RECORDS PROVIDED Block Start
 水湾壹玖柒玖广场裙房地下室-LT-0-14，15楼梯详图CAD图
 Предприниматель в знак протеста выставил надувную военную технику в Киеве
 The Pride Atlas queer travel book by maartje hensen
RECORDS PROVIDED Block End
RECORDS PROVIDED Block Start
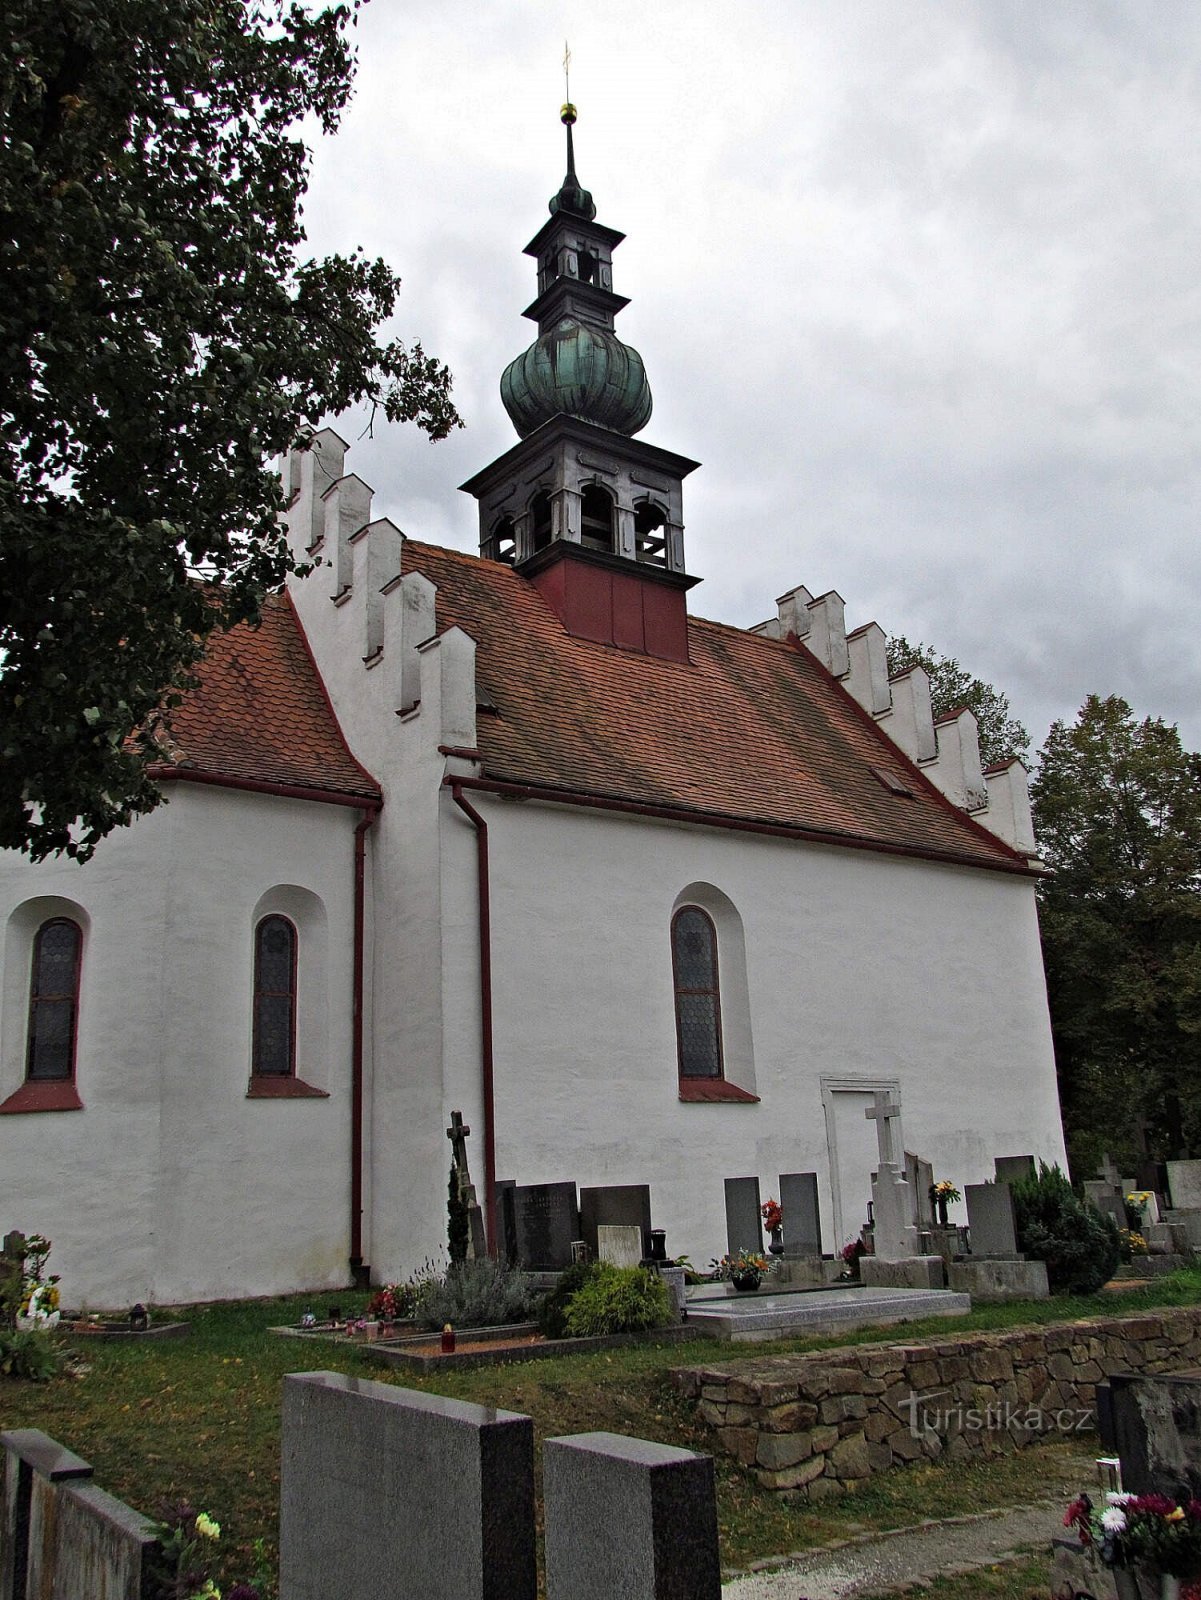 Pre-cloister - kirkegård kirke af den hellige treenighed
RECORDS PROVIDED Block End
Among the records above, extract exactly the lines from the line with "水湾壹玖柒玖广场裙房地下室-LT-0-14，15楼梯详图CAD图" to the line with "The Pride Atlas", both lines included, and leave out the rest.

• [EXERCISE RESPONSE]:
 水湾壹玖柒玖广场裙房地下室-LT-0-14，15楼梯详图CAD图
 Предприниматель в знак протеста выставил надувную военную технику в Киеве
 The Pride Atlas queer travel book by maartje hensen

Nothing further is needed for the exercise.